Figure 1 presents the age-adjusted RRs of type 2 diabetes for quintiles of fetuin-A. Participants in the highest quintile of fetuin-A levels had a significantly increased risk of diabetes compared with the lowest quintile (RR 1.75 [95% CI 1.32–2.31]; P for trend <0.0001). Because there was no indication of nonlinearity and fetuin-A levels were approximately normally distributed, we considered fetuin-A as continuous variable on its natural scale in further analyses. Table 3 shows the estimated RRs of type 2 per 10 μg/ml fetuin-A levels at baseline for all subjects and according to fasting status. After adjustment for age, fetuin-A levels were significantly associated with increased risk of diabetes (1.04 [1.03–1.06]) among all participants. This association was similar after adjustment for sex, BMI, and waist circumference (1.04 [1.02–1.06]) and also after further adjustment for lifestyle risk factors (1.03 [1.01–1.06]) and remained significant. The association became slightly stronger after adjustment for glucose, triglycerides, HDL cholesterol, A1C, γ-glutamyltransferase, and hs-CRP (1.05 [1.02–1.07]). The association between fetuin-A and type 2 diabetes risk appeared to be somewhat stronger among fasting subjects (RR full adjusted model 1.09 [1.04–1.13]) compared with nonfasting subjects (1.04 [1.01–1.07]).
TABLE 3

RR of type 2 diabetes for plasma fetuin-A (per 10 μg/ml) among men and women in the EPIC-Potsdam Study

ModelAll subjectsFasting subjectsNonfasting subjects
Age adjusted1.04 (1.03–1.06)1.06 (1.03–1.10)1.03 (1.01–1.05)
Adjusted for age, sex, BMI, and waist circumference1.04 (1.02–1.06)1.07 (1.03–1.11)1.03 (1.00–1.05)
Multivariate adjusted*1.03 (1.01–1.06)1.08 (1.04–1.12)1.02 (1.00–1.05)
Further adjustment for HDL cholesterol, triglycerides, glucose, A1C, γ-glutamyltransferase, and hs-CRP1.05 (1.02–1.07)1.09 (1.04–1.13)1.04 (1.01–1.07)

Data are RR (95% CI).

Adjusted for age, sex, BMI, waist circumference, education (in or no training, vocational training, technical school, or technical college or university degree), occupational activity (light, moderate, or heavy), sport activity (0, 0.1–4, or >4.0 h/week), cycling (0, 0.1–2.4, 2.5–4.9, or ≥5 h/week), smoking (never, past, or current <20 cigarettes/day or current ≥20 cigarettes/day), and alcohol intake (0, 0.1–5, 5.1–10, 10.1–20, 20.1–40, or >40 g/day).

HDL cholesterol, triglycerides, glucose, A1C, γ-glutamyltransferase, and hs-CRP were log transformed.

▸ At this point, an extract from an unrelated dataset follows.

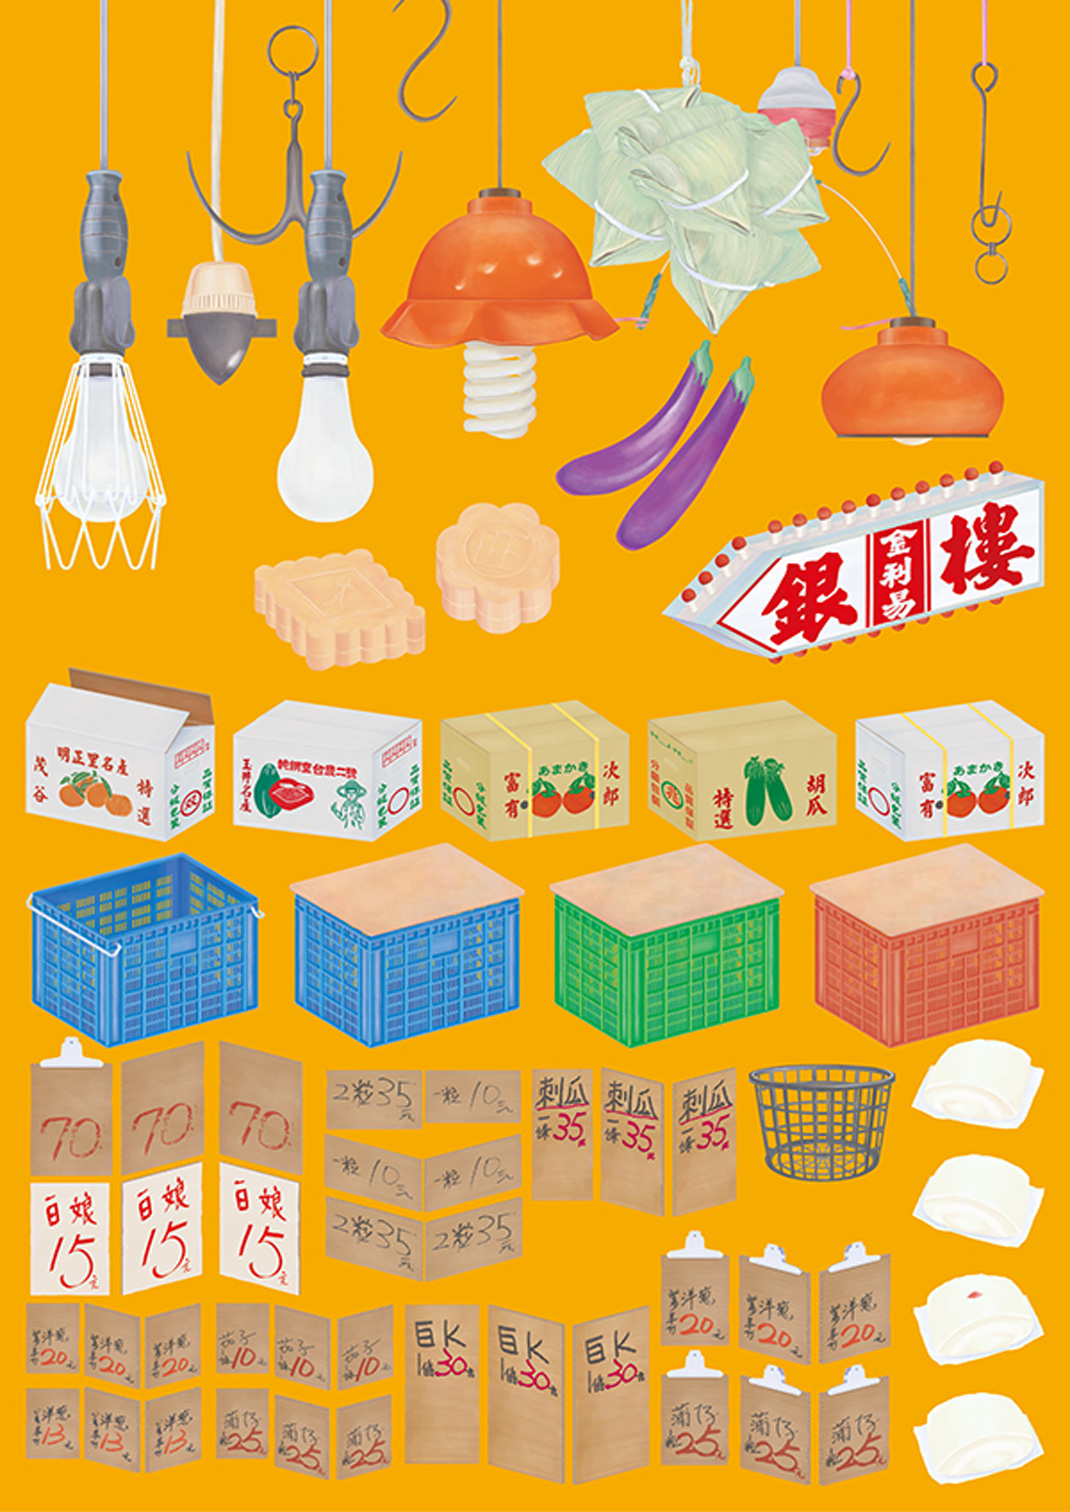 踅菜市仔台南菜市场 台湾 菜市场 字体设计 插画设计 美食地图 logo设计 vi设计 空间设计

Figure 2 shows the multivariable-adjusted RR of type 2 diabetes for 1 SD of fetuin-A per 1 SD with different adjustment for biochemical variables. The RR adjusted for age, sex, and anthropometric and lifestyle characteristics was 1.19 (95% CI 1.06–1.33). Adjustment for HDL cholesterol, triglycerides, glucose, A1C, γ-glutamyltransferase, or hs-CRP or mutual adjustment for all these biomarkers did not appreciably affect this result (RR for full adjusted model 1.28 [95% CI 1.13–1.46]). Similarly, adjustment for other biomarkers did not alter the observed association among fasted or nonfasted subjects (data not shown).
FIG. 2.

RR of type 2 diabetes per 1 SD of plasma fetuin-A with varying adjustment for metabolic risk markers among men and women in the EPIC-Potsdam Study. RRs were adjusted for age, sex, BMI, waist circumference, education (in or no training, vocational training, technical school, or technical college or university degree), occupational activity (light, moderate, or heavy), sport activity (0, 0.1–4, or >4 h/week), cycling (0, 0.1–2.4, 2.5–4.9, or ≥5 h/week), smoking (never, past, or current <20 cigarettes/day or current ≥20 cigarettes/day), and alcohol intake (0, 0.1–5, 5.1–10, 10.1–20, 20.1–40, or >40 g/day).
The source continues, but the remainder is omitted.